What is a Forest Floor?

Last portion of this thread has pictures of a beautiful vivarium. http://www.azaquaticplants.com/community/showthread.php?t=14668&page=13


----------



## hydrophyte (Mar 1, 2009)

2in10 said:


> That is a great looking plate, good to hear you have the enclosure repaired, now you can get a start on making it a piece of art.


Thanks!

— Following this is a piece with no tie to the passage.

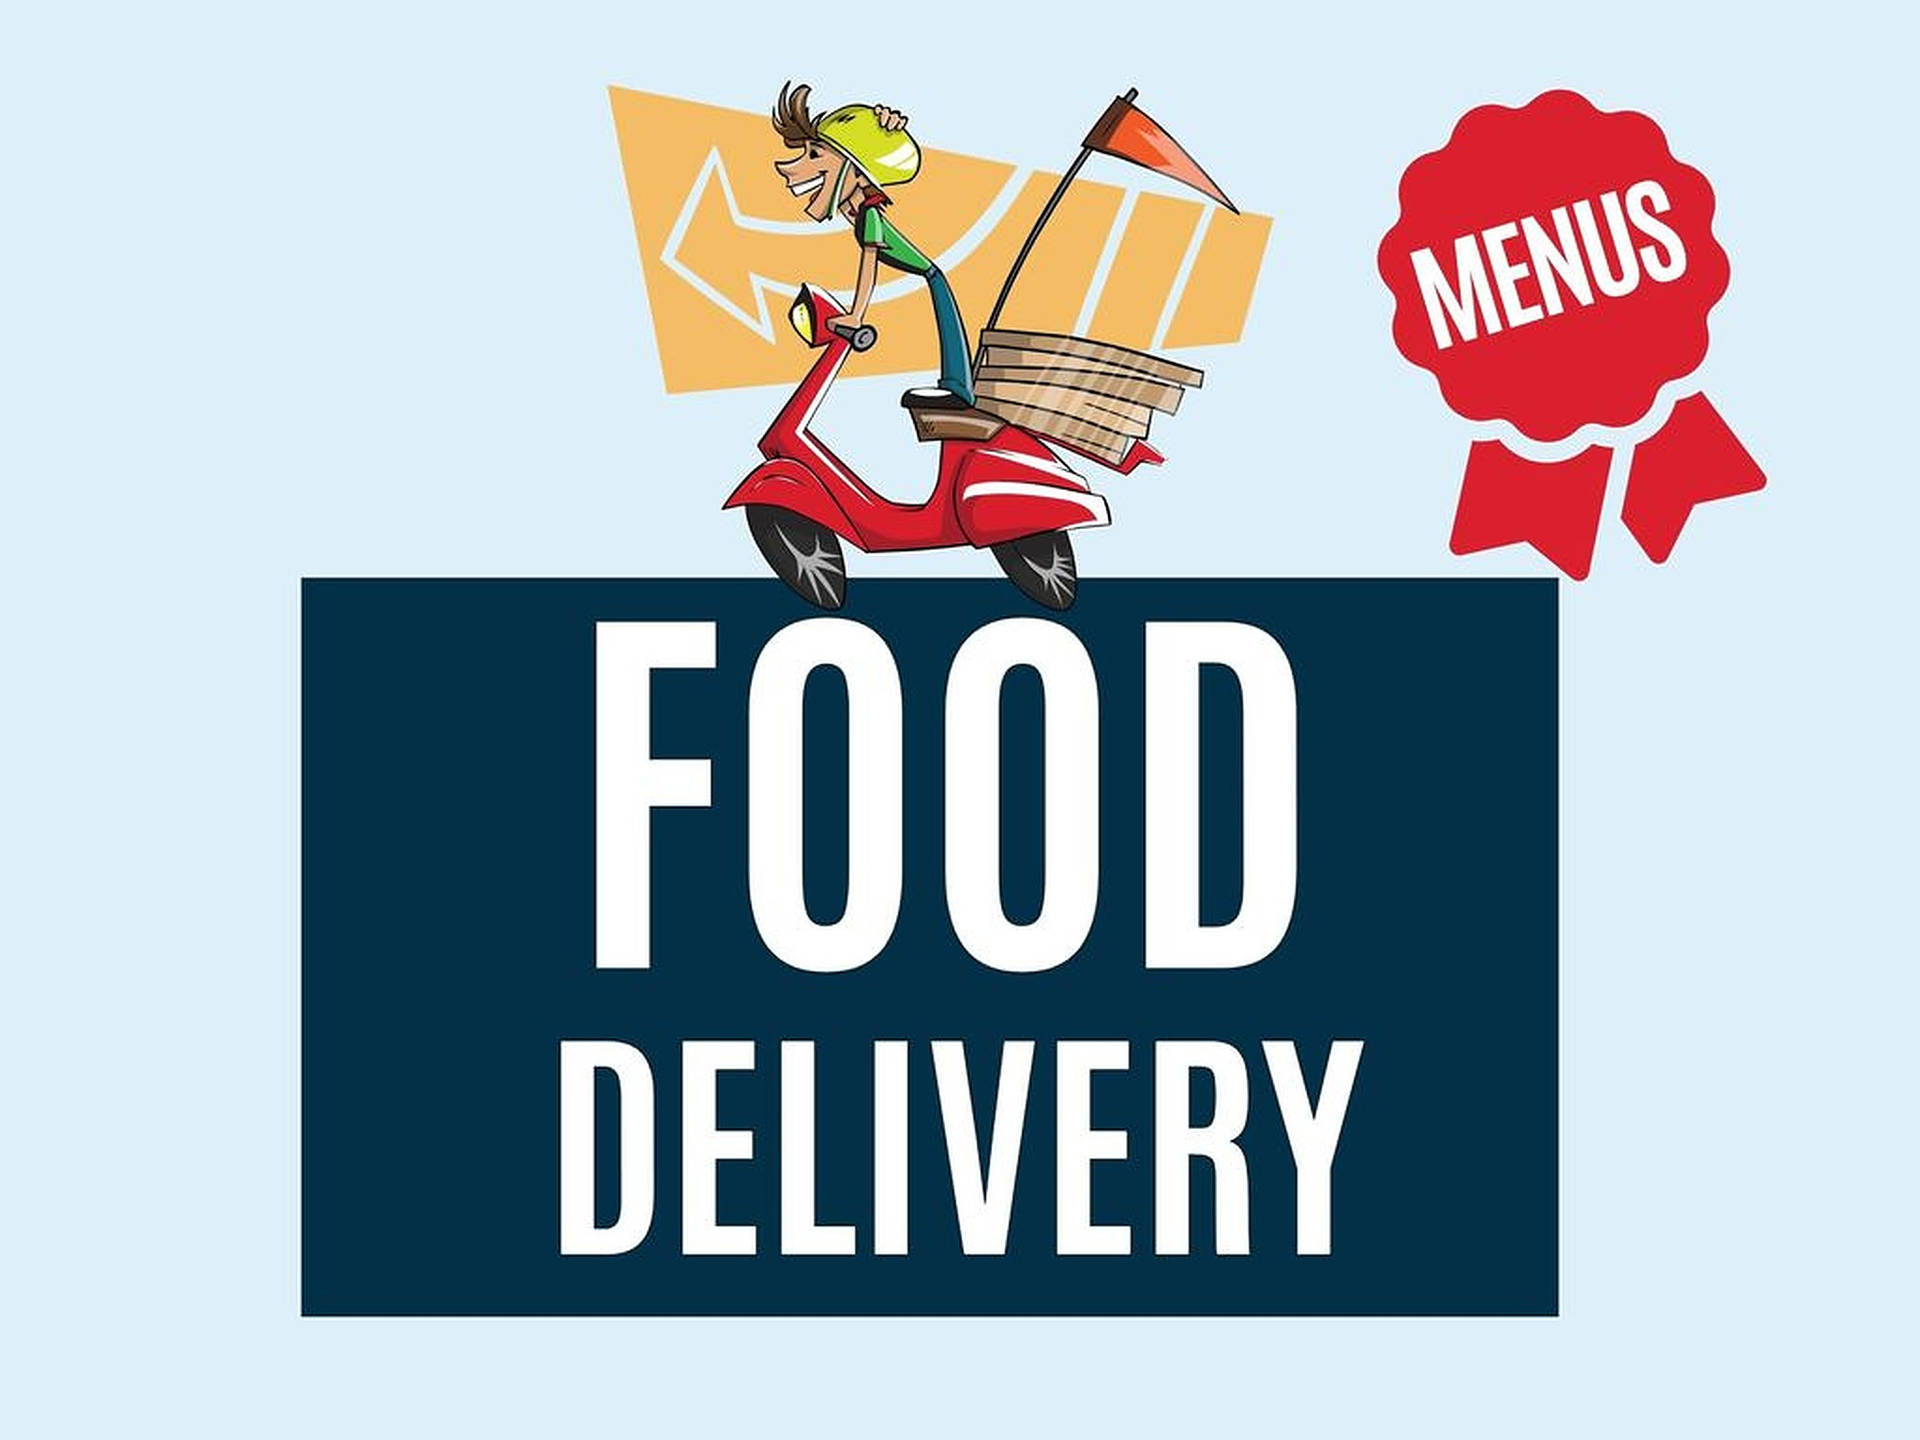 Food Delivery Courier Service Background

This Exo Terra is a small enclosure, but if I select the right plants and a nice piece of manzanita I should be able to put together an attractive planting



Crispino Ramos said:


> What is a Forest Floor?


Forest Floor Terrariums are a new(ish) kind of way to grow terrarium plants and design terrarium layouts and there is an explanation in this thread....

http://www.plantedtank.net/forums/lounge-introductions/156565-new-way-grow-terrarium-plants.html


----------



## halffrozen (Nov 4, 2011)

Watching this for sure. 

That plate looks like something I can make on our waterjet/cnc router table!  If I ever attempt one of these types of tanks, I would make one of those for sure!


----------



## hydrophyte (Mar 1, 2009)

halffrozen said:


> Watching this for sure.
> 
> That plate looks like something I can make on our waterjet/cnc router table!  If I ever attempt one of these types of tanks, I would make one of those for sure!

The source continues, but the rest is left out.